## Task prompt
Note each line of the listing that contains the string "azul", and copy it.
[Records provided Boundary: Start]
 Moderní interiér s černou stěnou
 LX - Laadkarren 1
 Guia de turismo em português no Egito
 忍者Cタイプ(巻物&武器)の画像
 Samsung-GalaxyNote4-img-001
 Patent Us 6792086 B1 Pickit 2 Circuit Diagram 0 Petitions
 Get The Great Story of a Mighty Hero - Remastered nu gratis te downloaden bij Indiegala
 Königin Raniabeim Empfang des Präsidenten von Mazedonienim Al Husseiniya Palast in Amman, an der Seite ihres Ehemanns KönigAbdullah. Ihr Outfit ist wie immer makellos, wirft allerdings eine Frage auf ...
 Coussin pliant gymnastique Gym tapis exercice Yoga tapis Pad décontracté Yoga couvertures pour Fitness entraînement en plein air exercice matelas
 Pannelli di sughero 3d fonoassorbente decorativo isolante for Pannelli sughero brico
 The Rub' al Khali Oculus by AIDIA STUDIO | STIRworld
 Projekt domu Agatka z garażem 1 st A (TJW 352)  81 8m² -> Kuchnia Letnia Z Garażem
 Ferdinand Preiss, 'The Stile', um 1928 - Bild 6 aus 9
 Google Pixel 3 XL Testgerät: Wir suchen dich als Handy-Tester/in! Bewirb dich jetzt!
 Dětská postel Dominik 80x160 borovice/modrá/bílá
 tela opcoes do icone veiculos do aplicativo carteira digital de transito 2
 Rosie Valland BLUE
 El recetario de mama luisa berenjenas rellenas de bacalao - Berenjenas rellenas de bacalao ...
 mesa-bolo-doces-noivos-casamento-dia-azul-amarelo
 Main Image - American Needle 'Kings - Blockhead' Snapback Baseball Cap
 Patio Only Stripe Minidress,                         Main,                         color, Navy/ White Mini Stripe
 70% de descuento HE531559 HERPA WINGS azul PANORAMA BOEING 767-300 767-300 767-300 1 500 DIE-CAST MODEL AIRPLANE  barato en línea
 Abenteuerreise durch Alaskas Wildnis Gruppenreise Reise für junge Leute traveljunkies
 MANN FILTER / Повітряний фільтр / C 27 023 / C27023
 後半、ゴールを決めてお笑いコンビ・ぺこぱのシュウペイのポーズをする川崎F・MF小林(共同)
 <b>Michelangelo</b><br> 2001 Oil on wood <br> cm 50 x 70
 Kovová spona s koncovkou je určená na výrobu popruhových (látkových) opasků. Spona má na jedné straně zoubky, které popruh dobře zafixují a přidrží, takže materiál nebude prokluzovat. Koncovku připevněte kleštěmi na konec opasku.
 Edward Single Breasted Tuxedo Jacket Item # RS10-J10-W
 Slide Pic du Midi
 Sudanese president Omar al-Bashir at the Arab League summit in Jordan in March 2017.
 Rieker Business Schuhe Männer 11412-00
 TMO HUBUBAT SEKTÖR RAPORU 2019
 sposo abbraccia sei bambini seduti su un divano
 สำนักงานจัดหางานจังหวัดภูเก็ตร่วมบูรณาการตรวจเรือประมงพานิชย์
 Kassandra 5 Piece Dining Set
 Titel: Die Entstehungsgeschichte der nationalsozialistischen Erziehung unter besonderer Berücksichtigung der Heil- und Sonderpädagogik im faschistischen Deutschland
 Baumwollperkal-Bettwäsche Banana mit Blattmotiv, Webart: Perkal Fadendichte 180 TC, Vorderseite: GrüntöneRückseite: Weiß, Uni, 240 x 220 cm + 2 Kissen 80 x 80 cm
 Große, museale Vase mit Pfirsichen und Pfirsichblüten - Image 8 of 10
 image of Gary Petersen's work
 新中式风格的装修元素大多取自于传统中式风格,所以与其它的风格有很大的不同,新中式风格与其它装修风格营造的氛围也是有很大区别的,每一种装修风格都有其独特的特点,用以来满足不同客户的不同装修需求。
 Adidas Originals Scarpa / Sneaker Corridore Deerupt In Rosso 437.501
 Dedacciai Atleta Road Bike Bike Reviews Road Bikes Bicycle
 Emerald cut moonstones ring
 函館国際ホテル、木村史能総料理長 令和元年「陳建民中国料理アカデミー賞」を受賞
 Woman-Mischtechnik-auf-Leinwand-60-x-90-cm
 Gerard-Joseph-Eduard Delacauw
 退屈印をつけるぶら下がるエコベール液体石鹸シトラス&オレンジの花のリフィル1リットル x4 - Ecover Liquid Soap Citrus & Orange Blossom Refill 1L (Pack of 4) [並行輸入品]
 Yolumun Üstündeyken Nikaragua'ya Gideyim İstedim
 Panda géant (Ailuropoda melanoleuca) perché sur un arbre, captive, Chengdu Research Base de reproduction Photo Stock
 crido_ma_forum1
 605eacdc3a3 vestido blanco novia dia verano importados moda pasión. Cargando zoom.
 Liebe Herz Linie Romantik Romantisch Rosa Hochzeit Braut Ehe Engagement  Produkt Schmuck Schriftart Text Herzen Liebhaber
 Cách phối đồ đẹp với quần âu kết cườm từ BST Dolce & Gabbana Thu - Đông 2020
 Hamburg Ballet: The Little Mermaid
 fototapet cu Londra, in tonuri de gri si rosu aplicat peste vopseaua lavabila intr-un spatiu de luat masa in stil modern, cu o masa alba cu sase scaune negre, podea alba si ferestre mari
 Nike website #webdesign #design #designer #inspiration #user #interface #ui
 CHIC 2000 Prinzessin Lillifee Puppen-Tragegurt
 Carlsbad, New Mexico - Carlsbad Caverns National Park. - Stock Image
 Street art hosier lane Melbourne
[Records provided Boundary: End]
## Exercise answer
 mesa-bolo-doces-noivos-casamento-dia-azul-amarelo
 70% de descuento HE531559 HERPA WINGS azul PANORAMA BOEING 767-300 767-300 767-300 1 500 DIE-CAST MODEL AIRPLANE  barato en línea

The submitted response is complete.